Battling 1,000 per cent !! that is
Spel check on dis composer is not worth s dsmn
It has been mentioned that as long as an Irishman can hold on to one blade of grass on the face of God's green Earth, he's not too drunk. Sláinte!
@Mike- Don't let the name fool you. My paternal grandfather was a red-haired County Cork man although my maternal grandmother only got his genes and not his name because he skipped out on her. He was (and I'm not making this up) a musician who was hired to give the young woman piano lessons but threw in some organ practice for free.
@M. Mitchell Marmel- I came *this close* to having Busty join us today. I'll find another excuse soon!

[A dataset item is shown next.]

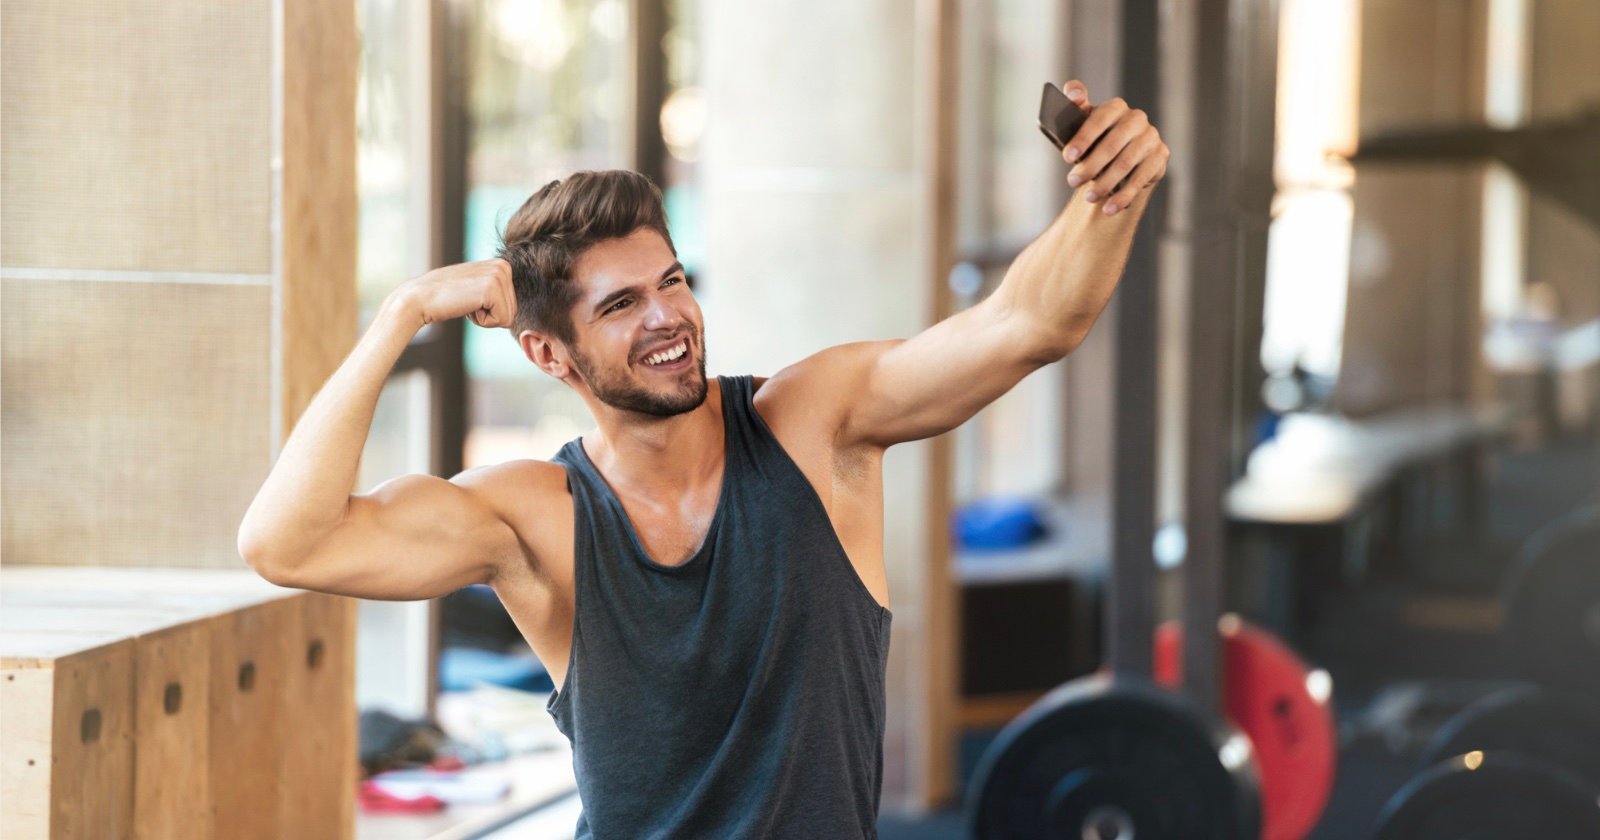  gyms are cracking down cameras selfies

@Colby Muenster- I'd love to hear your Irish band! Throw me a bit of Bodhran and a pennywhistle and I'm a happy man. And interesting story about Pádraig. Does it count as stigmata if a spear was used?
@Paul Donohue- When I hear talk about reparations (like the recent nonsense in San Francisco) I think about the horrible discrimination and abuse of the Irish and Chinese in our country. And as you point out, the Great Potato Famine was a nightmarishly cruel crime against humanity. Still, hooray for green beer - right?
And I'm glad you liked the Johnny Optimism cartoon. Come Hell or high water for me personally, Johnny is my little Energizer bunny who just keeps going and going.
Prayers right back for you and your family!
@ringgo1- That's a beautiful thought.
Not sure you'd want to hear our Irish band. Our whistle player has moved on, so we are down to fiddle (Mrs. Muenster), guitar (me), octave mandolin and bodhran (jokingly pronounced bo-dran here in the south!). We can still cook on a few tunes, though.
I think spears were pretty commonplace back in those days, but hard to imagine a holy man carrying one. Maybe that's why the snakes left?
The Irish and Chinese American immigrants will never get reparations because they have not demanded it. Pardon my rant, but it sickens me that some lazy-ass turds may become millionaires because their great great great grampa was a slave. Sorry, but I do not owe you a damn thing due the the possible, maybe, and "could be" actions of my great great great grampa. Hard to believe, but I had no influence over my great great great grampa.